The appeal of art auctions has not decreased over time — it's quite the contrary. Christie's grew into the largest auction house with 10 salerooms and a presence in 46 countries. The auction proved to be the best way to sell something that doesn't have a definitive price.
In 2009, miniature pieces of commercial art, advertising creatives, started to be traded via auction to optimize publisher's inventory. With one major difference: real-time bidding auctions are completely automated.
In the early days of ad tech, ads were served through a daisy-chaining process aka waterfalling, where the bid of each advertiser should meet the minimum price set by the publisher. As technology advanced, the programmatic advertising ecosystem shifted to header bidding auctions, in which the highest bidder wins, just like what happened at Christie's.
What is Daisy-Chaining or Waterfall Bidding?
A waterfall bidding is the old school way of ad serving.

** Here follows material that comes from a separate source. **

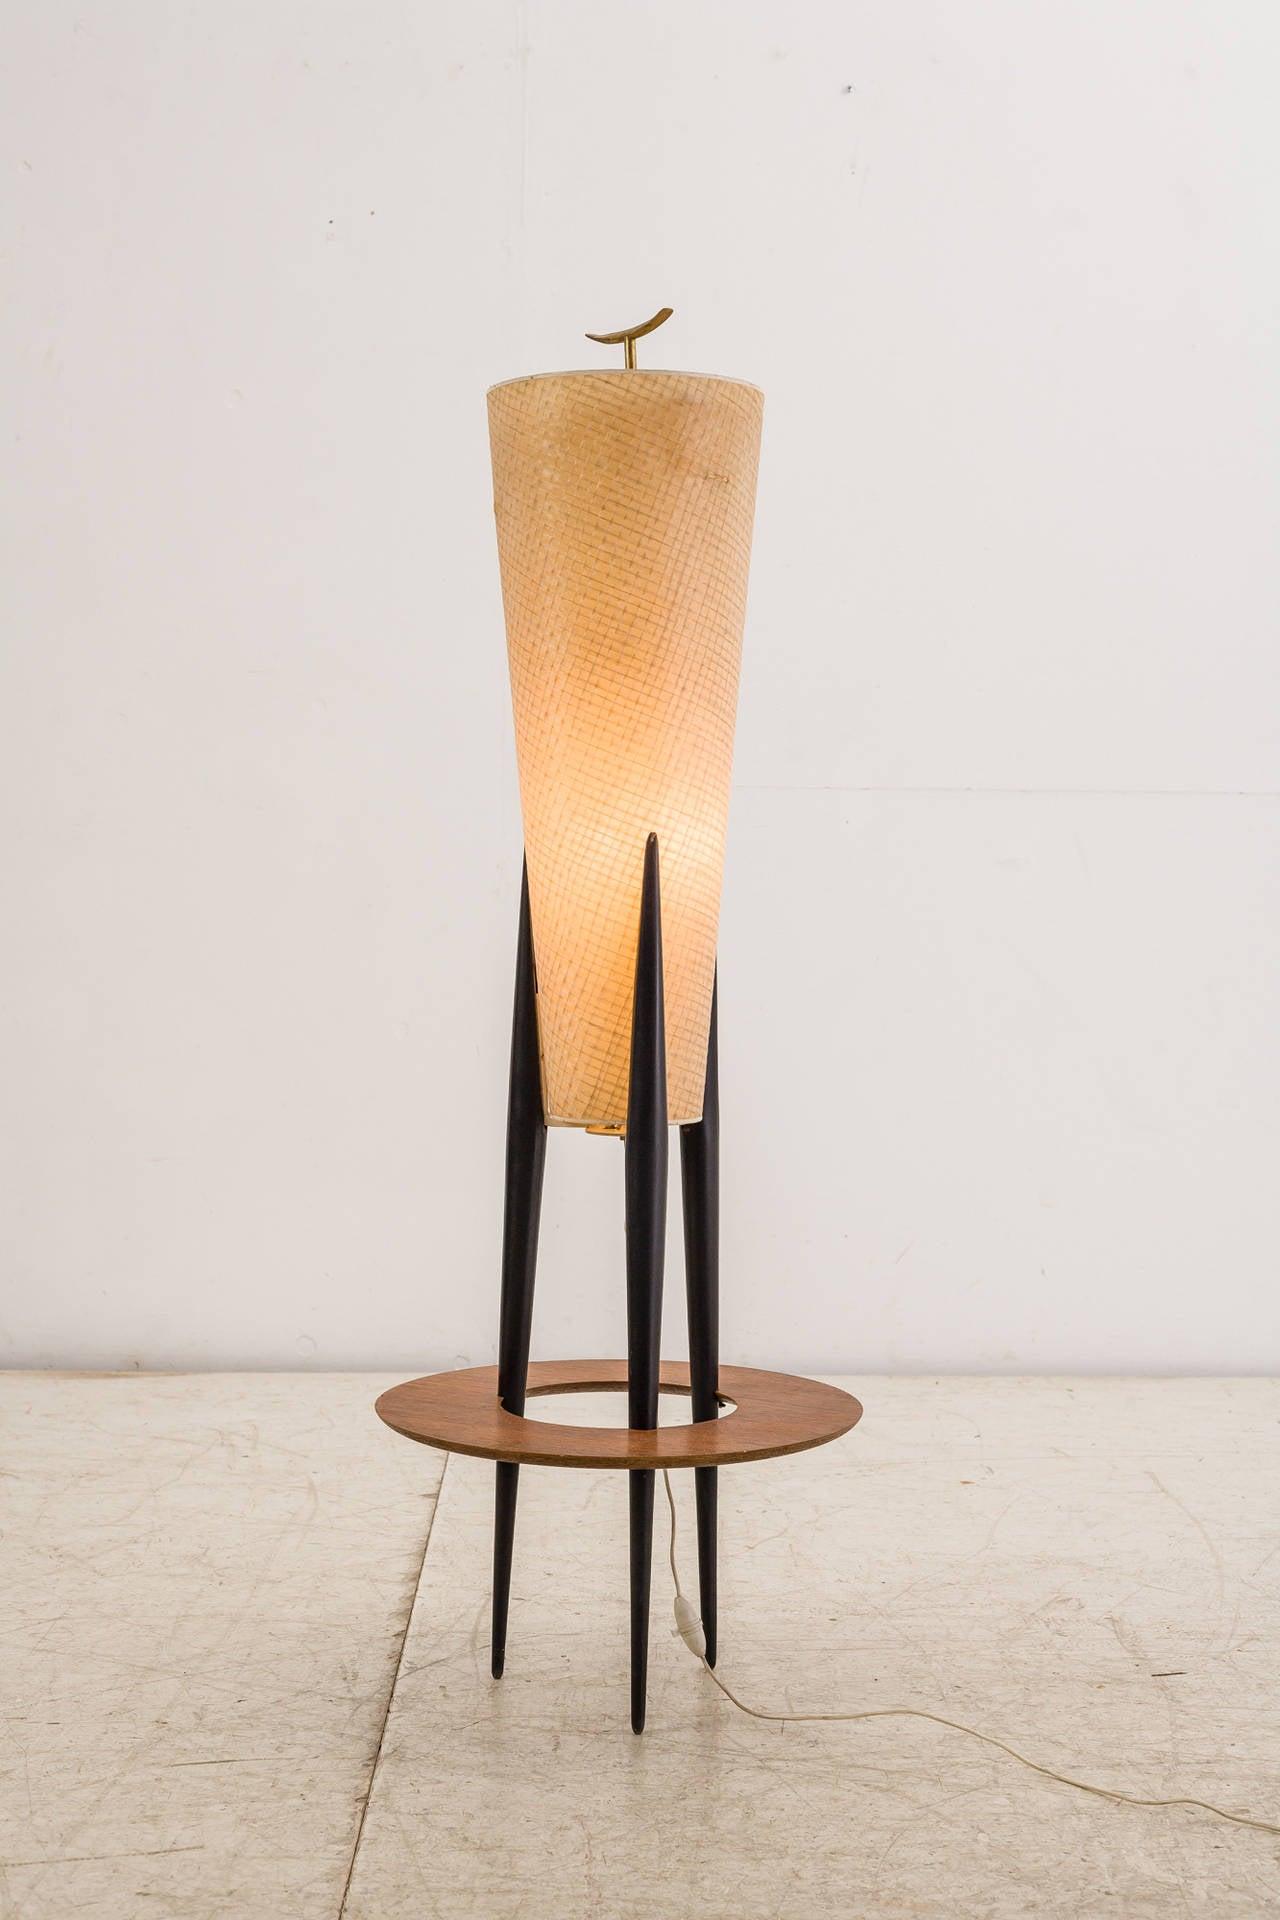 rare three legged rispal floor lamp france 1950s for sale at 1stdibs. Black Bedroom Furniture Sets. Home Design Ideas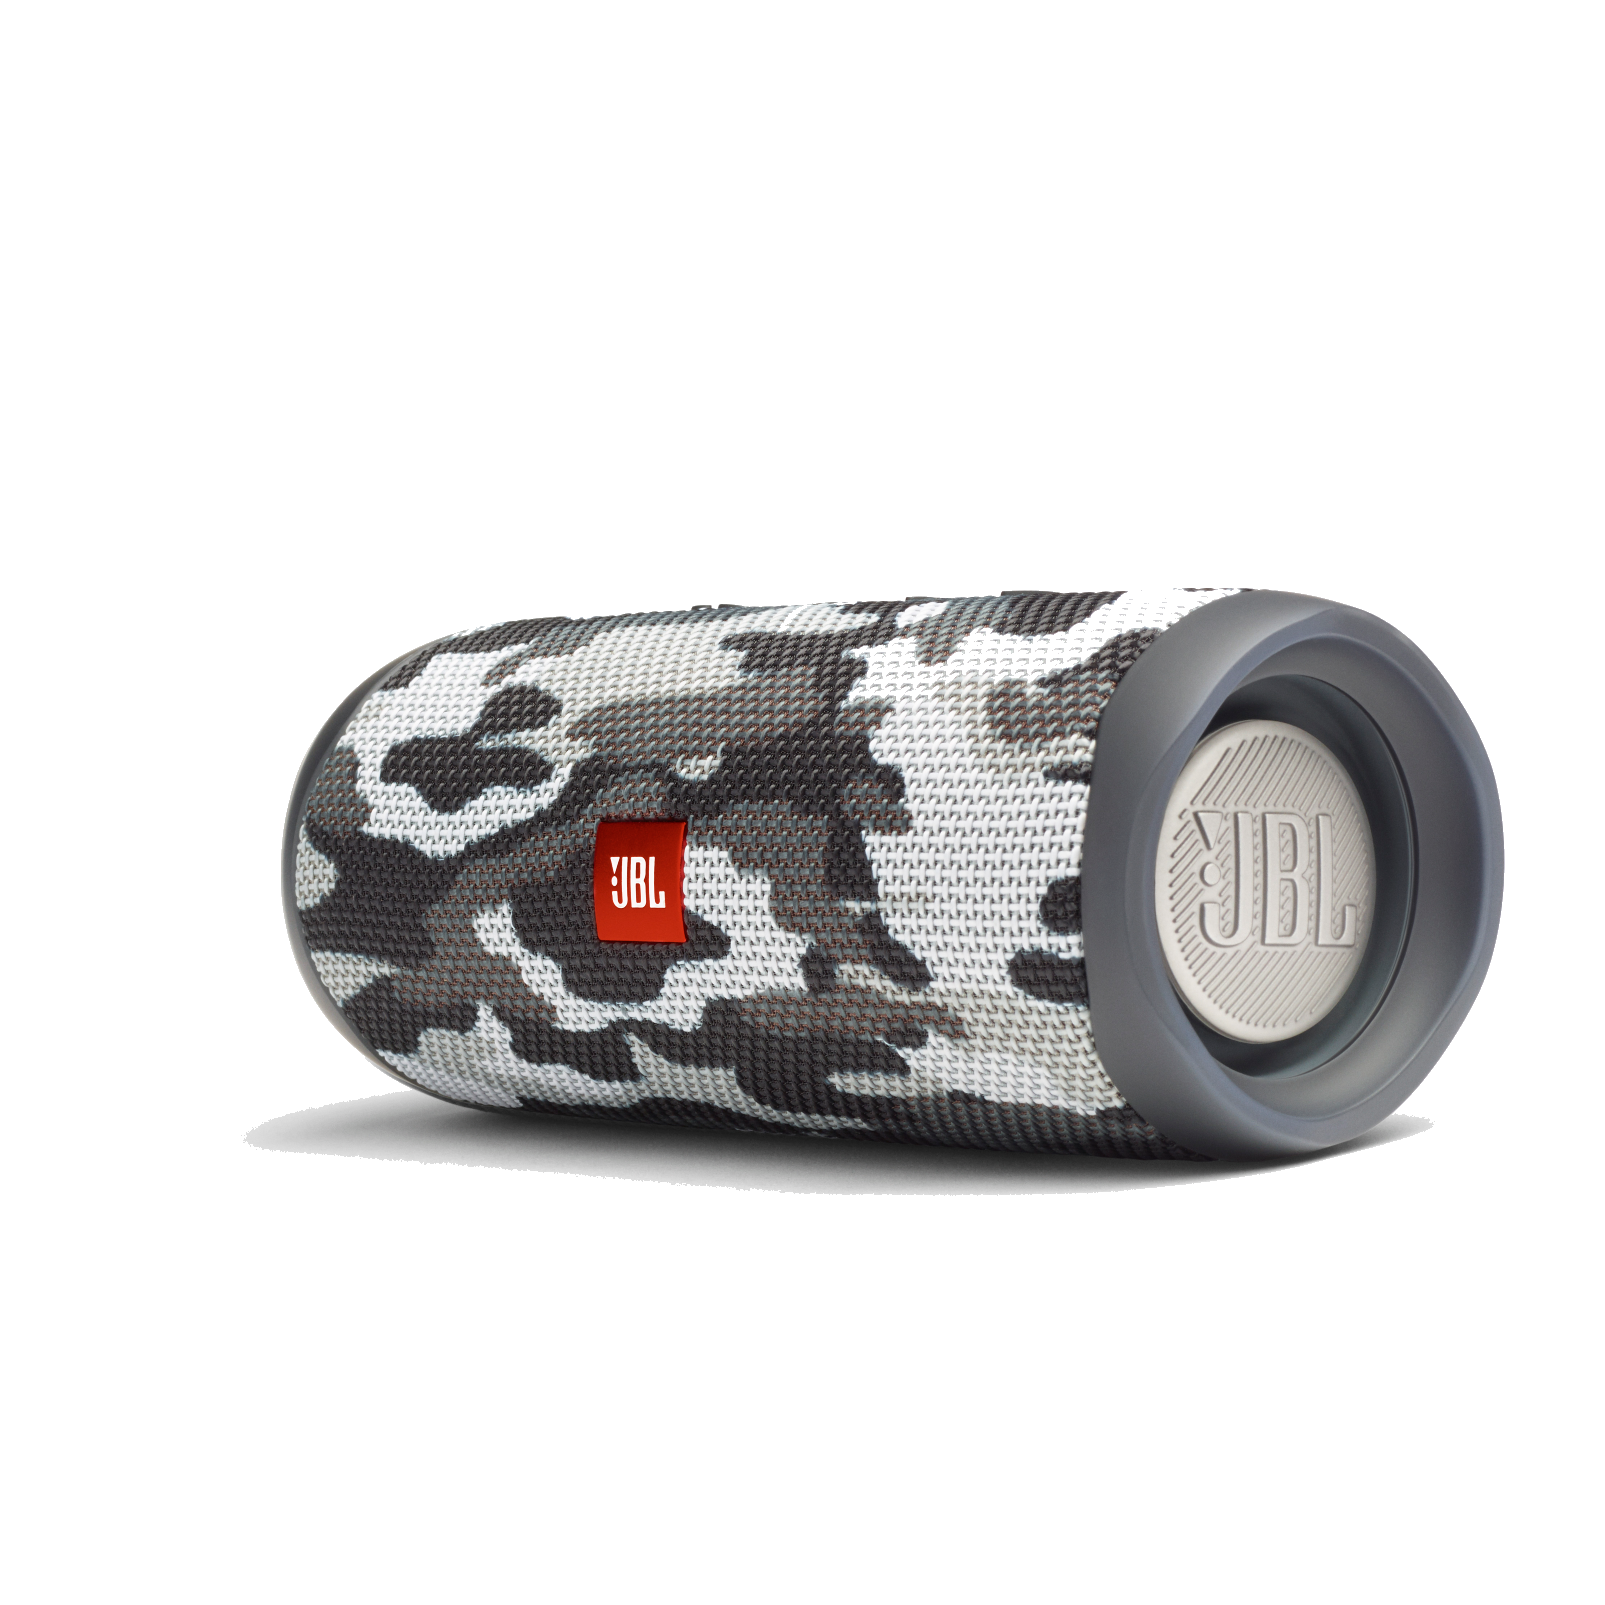 JBL FLIP 5 - Black Camo - Portable Waterproof Speaker - Detailshot 2

It came from the same era as brick cell phones and disk drives. The waterfall auction was slow, yet an effective solution to increase publisher's fill rates while modern algorithms were unavailable. Elaborating a bit more on the waterfall bidding in advertising, I'd say the following:
Waterfalling, or daisy-chaining, is a method to sell the publisher's inventory in which the publisher sets the priority for each advertiser or ad network they're connected to. They also specify a price floor, i.e. the minimum accepted price for this ad placement. The inventory slot is sequentially offered to demand partners in order of priority. Once someone meets the price floor, the impression is sold.

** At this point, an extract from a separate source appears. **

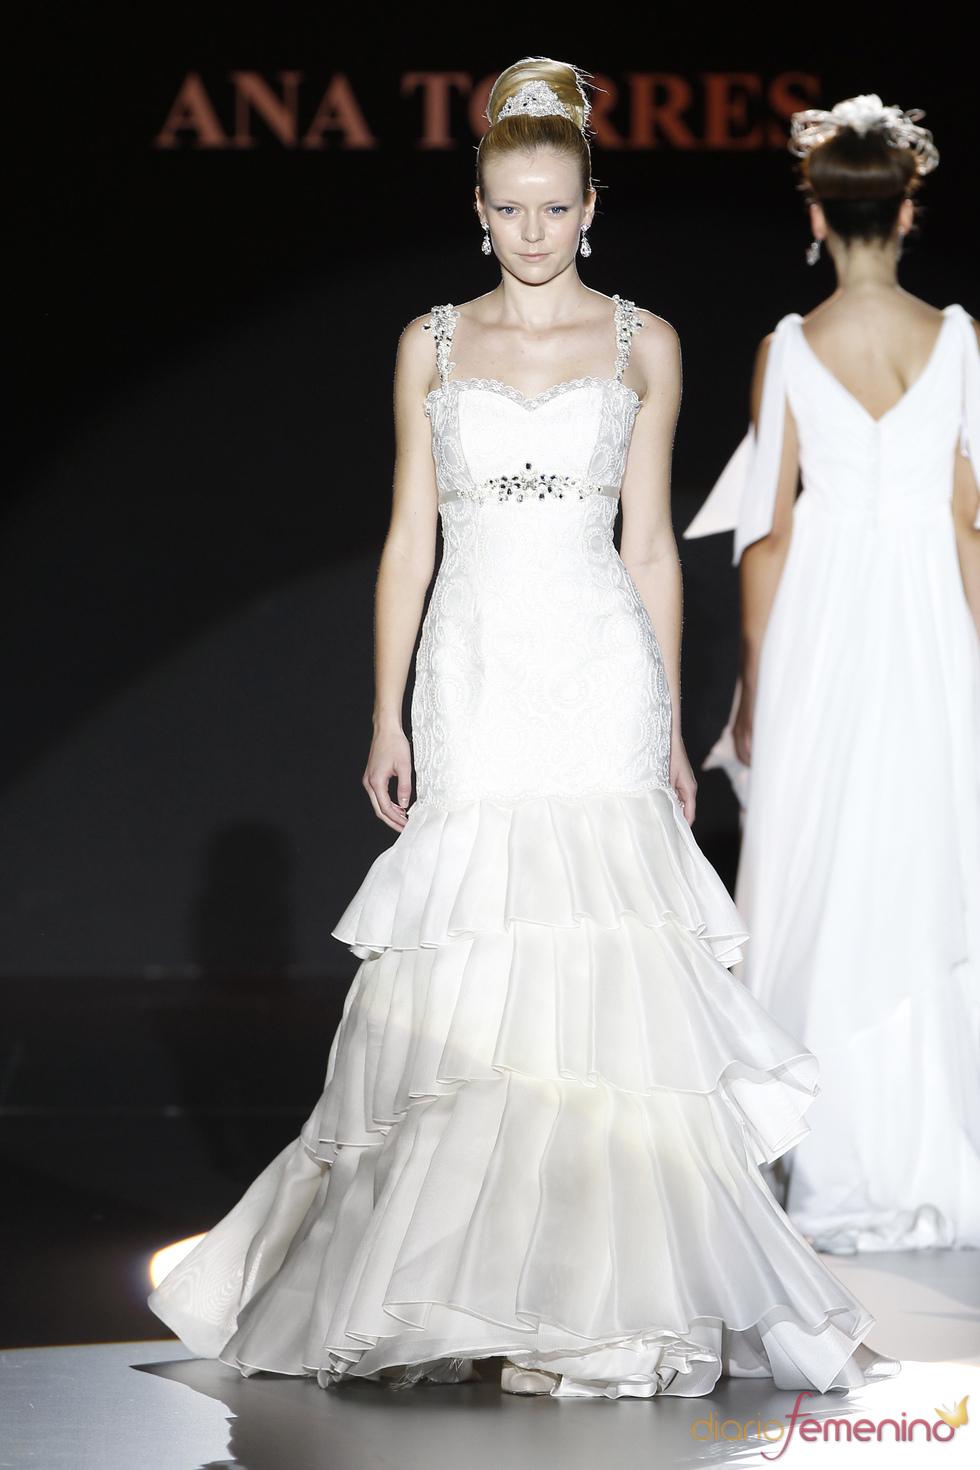 Vestido estilo sevillana de Ana Torres

Inventory is passing the route from top to bottom, similar to the water in the river flowing down the cliff to the basin. That's why it's called a waterfall auction, although it's not quite an auction in its nature. The inventory is often going to the one who is first in line, not the one who bids the highest. This was effective in the early days of programmatic advertising, but not now, when we have RTB and header bidding as a product of its evolution.
What is a Header Bidding Auction?
Comparing header bidding vs. waterfall, the first difference is that header bidding is an automated auction in the truest sense of this notion. Publishers exhibit their inventory at several ad exchanges, which in turn allow multiple demand partners to bid on those “lots” simultaneously. Unlike the waterfall, in header bidding the highest bid wins. Header bidding is also known as pre-bidding or prebid, so don’t get confused while hearing these terms.
That's only a superficial explanation of what header bidding is. To understand how header bidding works, you need to learn more about how exactly all parties interact with each other.
The core element in this type of RTB is the header code. Publishers place it in the header of their website. Each time someone visits the website, the browser requests an ad serving on a particular page.
- A browser or server sends the request to a supply-side platform — the tool that allows publishers to sell inventory programmatically.
- An SSP handles received data and pushes the request forward to an ad exchange — the open marketplace which serves as a center of trade between supply and demand partners.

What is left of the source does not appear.